Peter Carstensen and Robert H. Lande published “The Merger Incipiency Doctrine and the Importance of ‘Redundant’ Competitors” in 2018 Wisconsin Law Review 783.
The enforcers and the courts have not implemented the merger incipiency doctrine in the vigorous manner Congress intended. We believe one important reason for this failure is that, until now, the logic underlying this doctrine has never been explained. The purpose of this article is to demonstrate that markets’ need for “protective redundancy” explains the incipiency policy. We are writing this article in the hope that this will cause the enforcers and courts to implement significantly more stringent merger enforcement.
To vastly oversimplify, the current enforcement approach assumes that if N significant competitors are necessary for competition, N-1 competitors could well be anticompetitive, but blocking an N 1 merger would not confer any gains. Because many enforcers and judges erroneously assume that mergers among major competitors usually result in significant gains to efficiency and innovation, they believe that blocking mergers to the N 1 level would impose significant costs on the economy.

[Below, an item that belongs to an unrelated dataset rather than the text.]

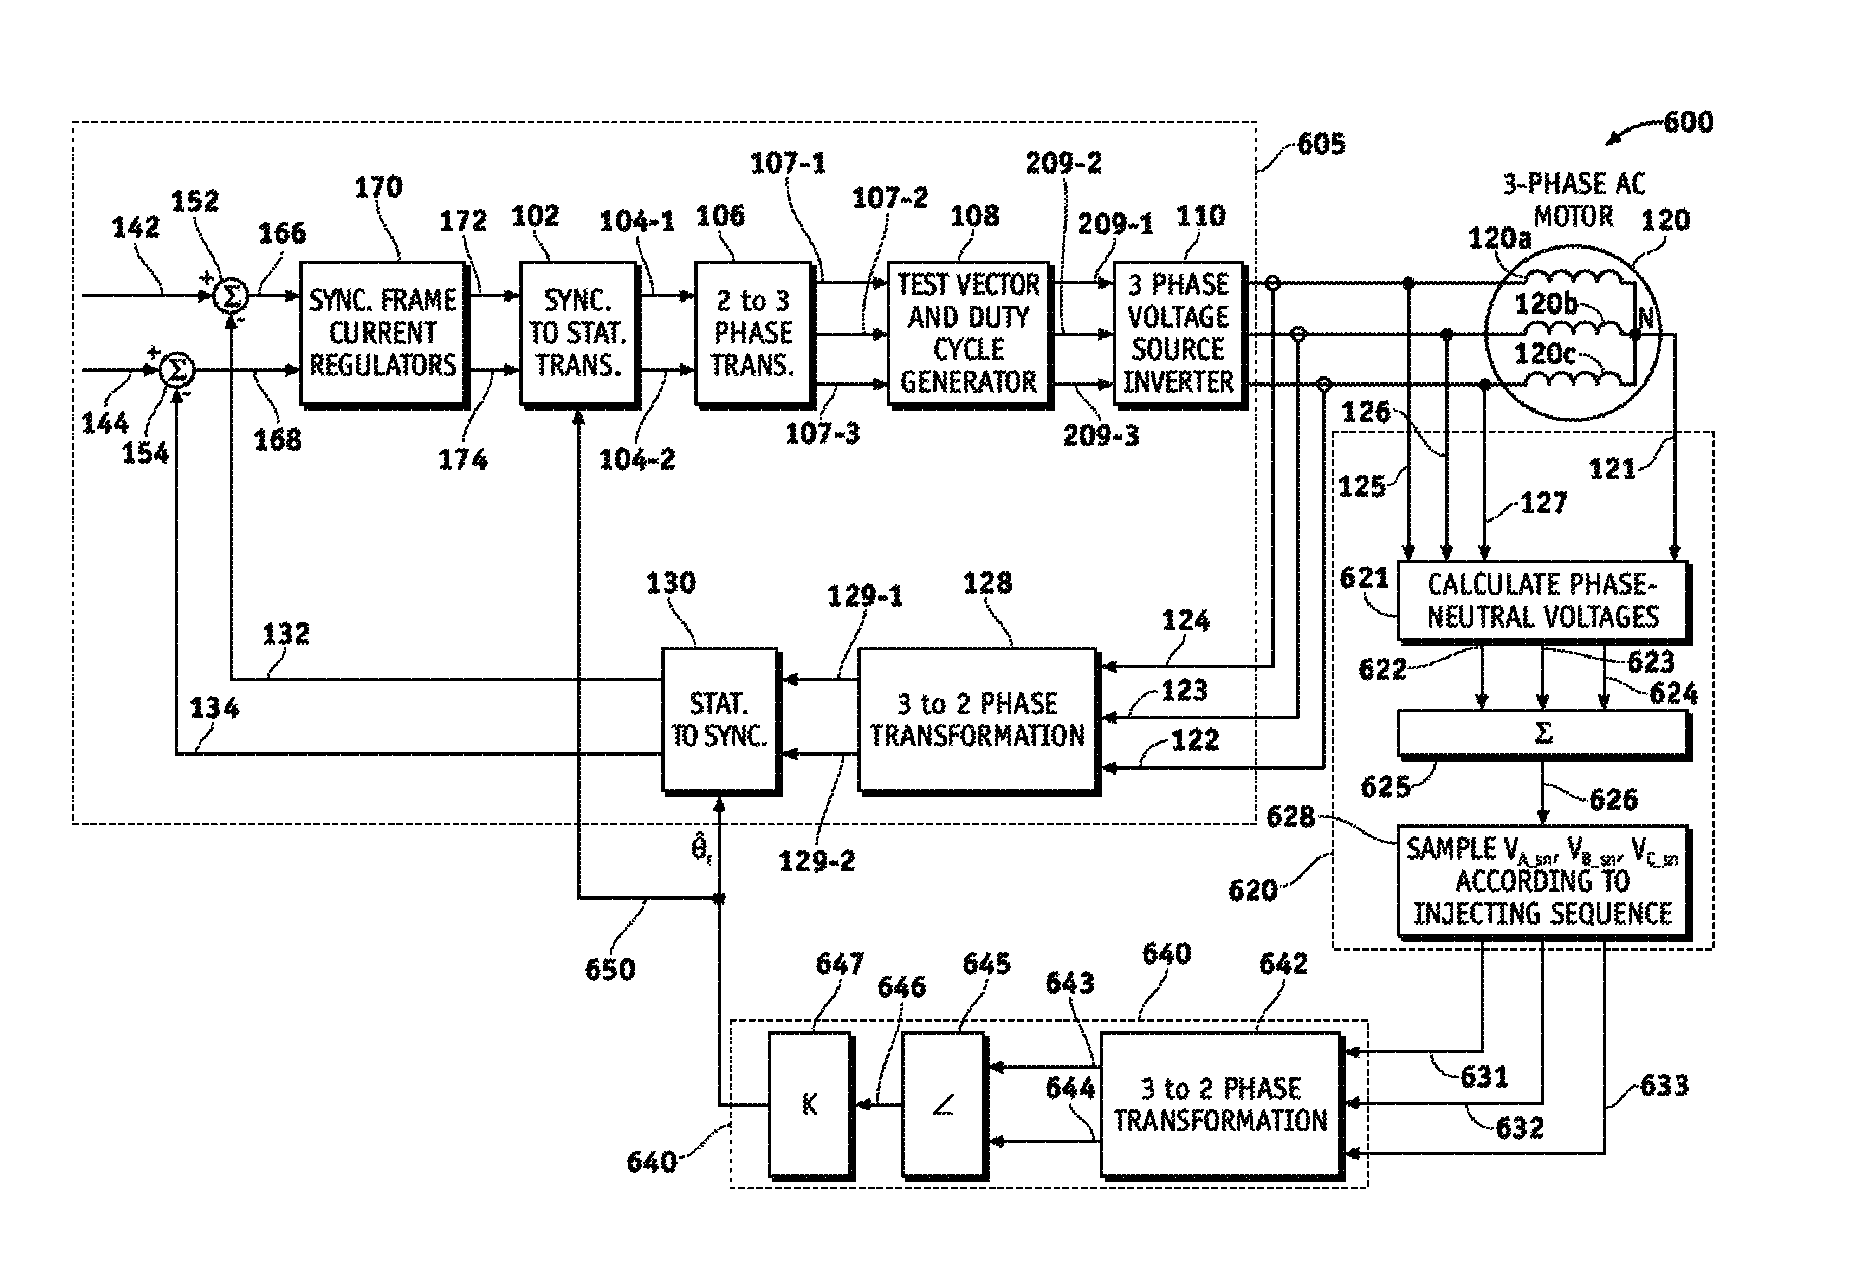 Vector controlled motor drive system implementing pulse width modulated (PWM) waveforms
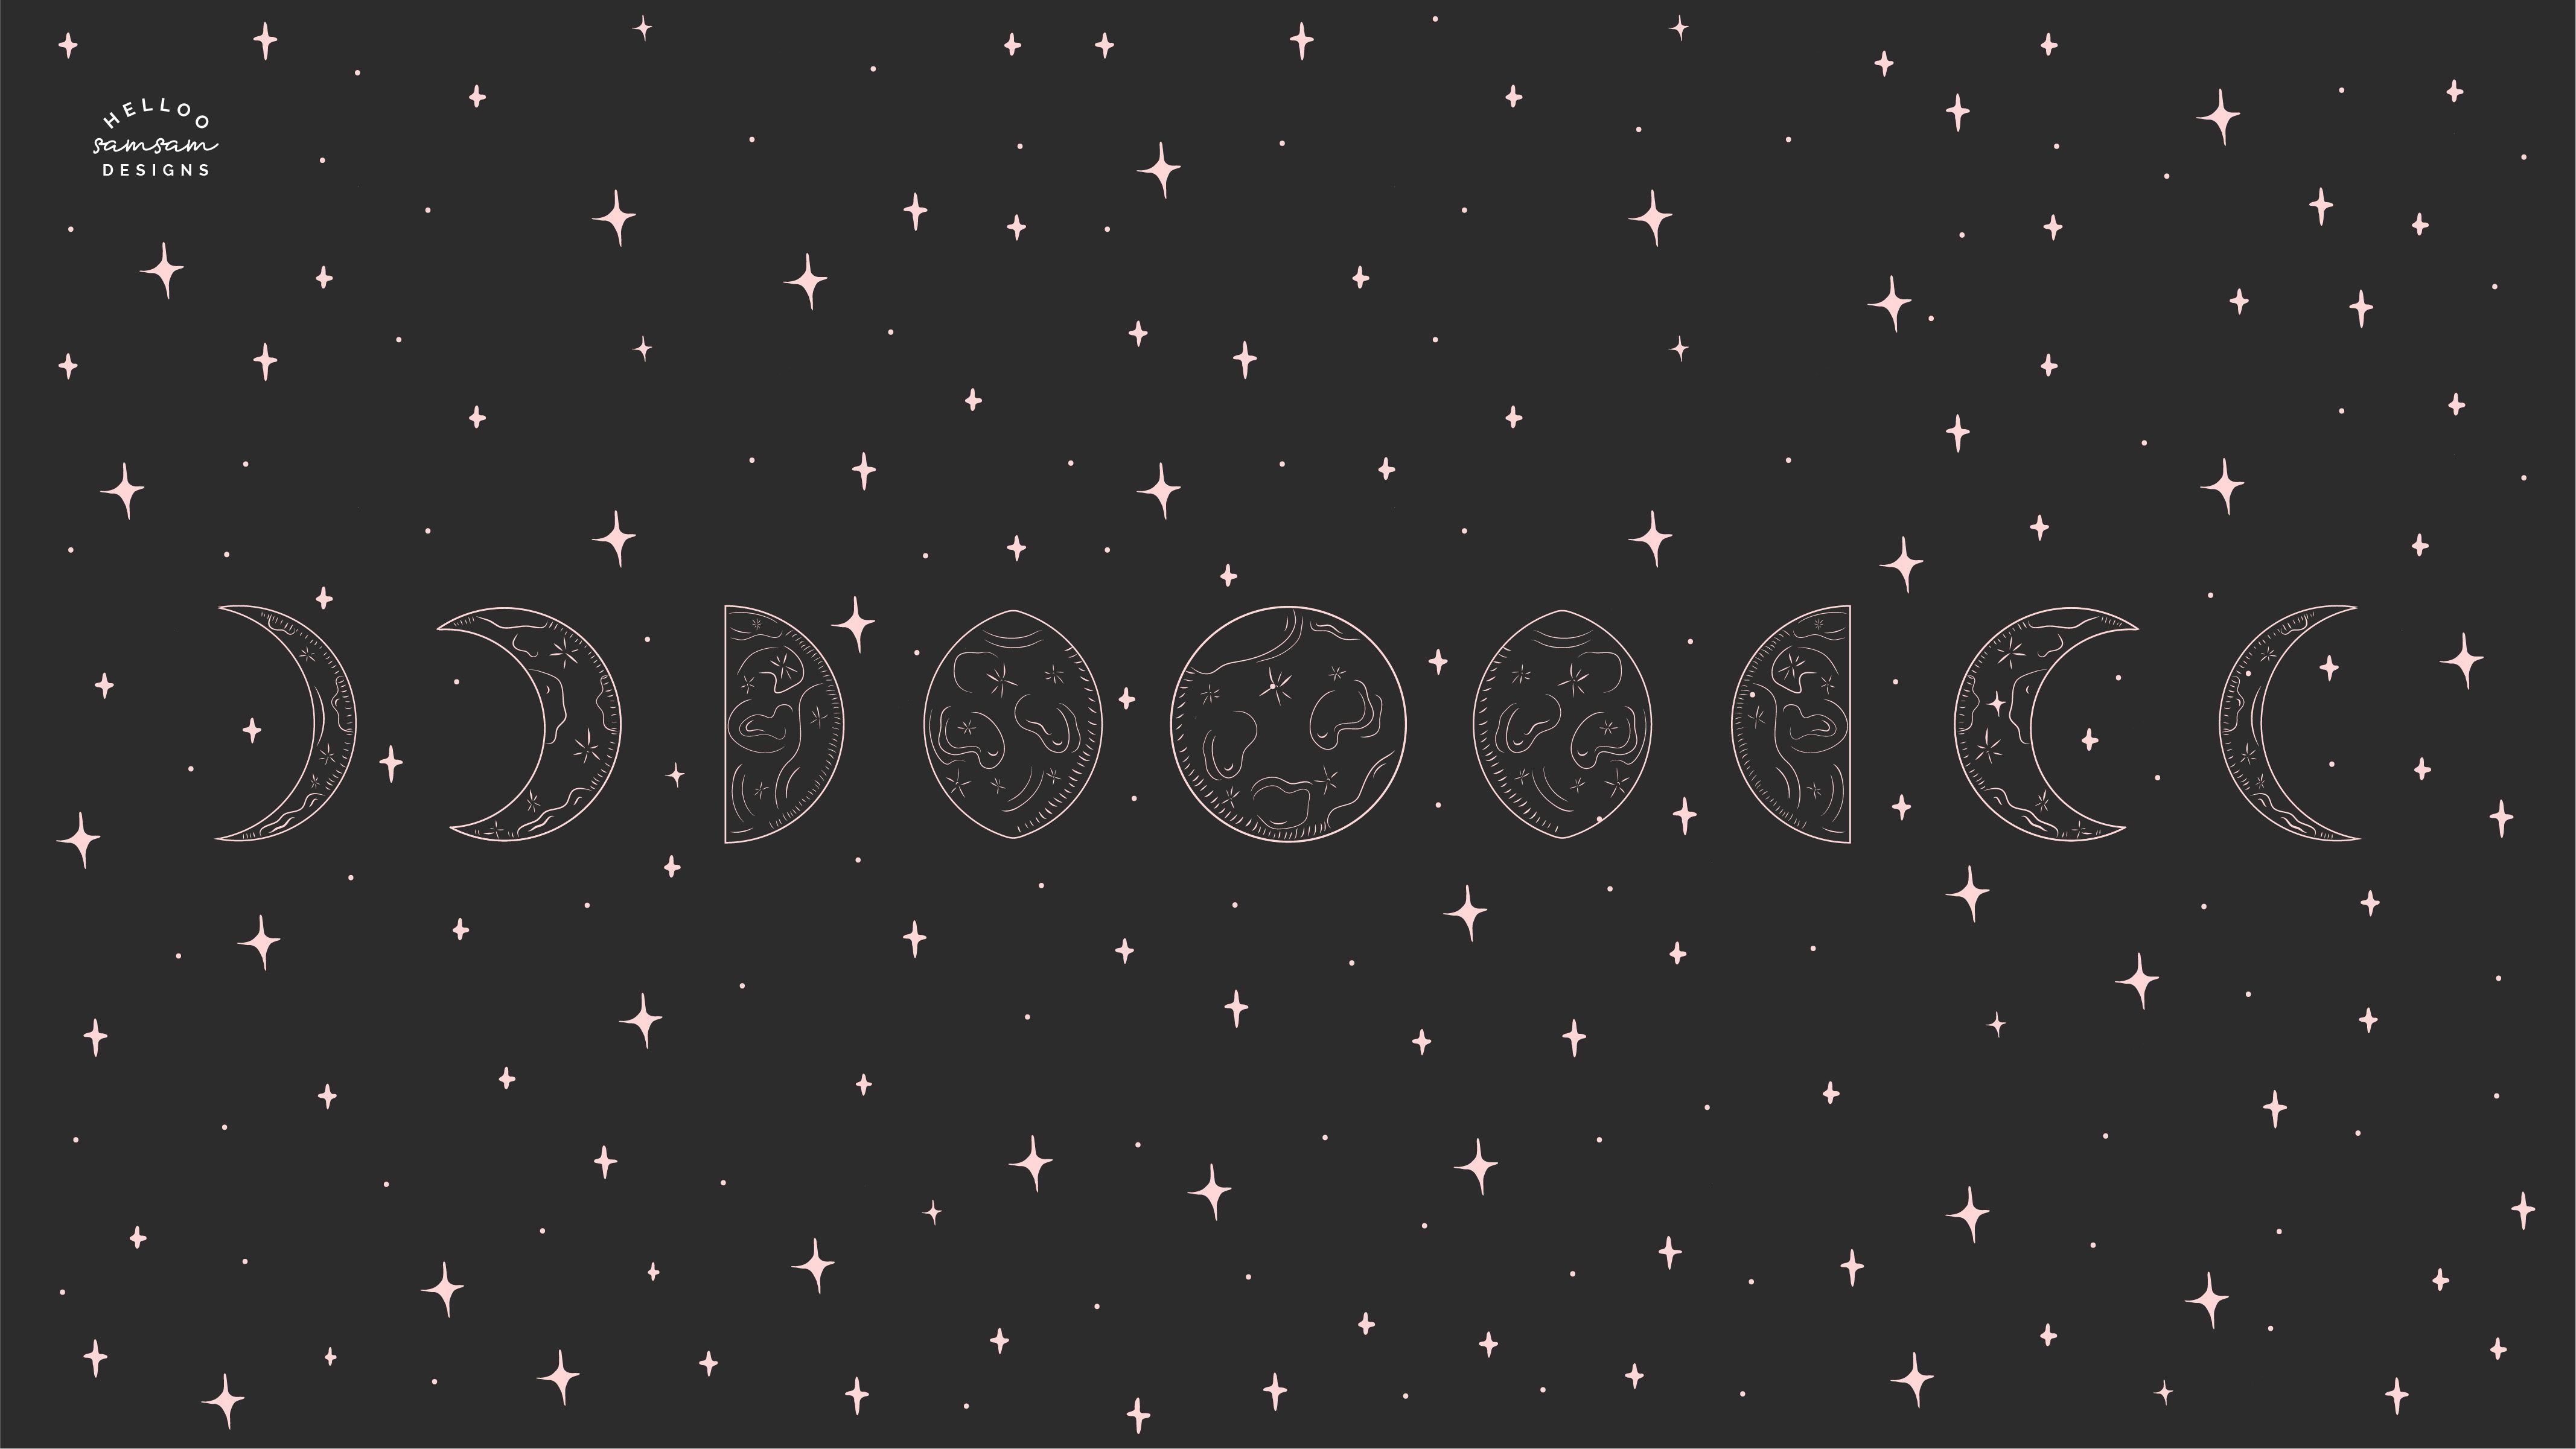 The phases of a moon in black and white - Moon phases

Why should enforcement preserve apparent “redundancy”? First, the relationship between concentration and competition, and between concentration and innovation, is uncertain. Underestimating the minimum necessary number of firms needed for competition and for innovation is likely to result in harm to consumer welfare. Second, one or more of the N firms frequently can wither or implode as a result of normal competition, or from an unexpected shock to the market, often surprisingly quickly. This leaves only N-1 or N-2 remaining significant competitors. Finally, when enforcers challenge a merger that would have resulted in N competitors, they often allow the merger subject to complex remedies. But if the remedy fails, as they often do, the market will have too few competitors by the enforcers’ own estimate. Taken together these scenarios often leave markets with too few firms.
The attenuation of the incipiency doctrine has allowed many mergers that have resulted in higher prices and lower levels of innovation. This has been shown by recent empirical work evaluating the consequences of major mergers. Moreover, other empirical work shows that significant mergers rarely produce significant efficiency gains and often result in losses to innovation.
A revitalized incipiency doctrine would retain the “protective redundancy” that would preserve competition, while sacrificing little or nothing in terms of efficiency or innovation. The enforcers and the courts should implement this policy much more aggressively.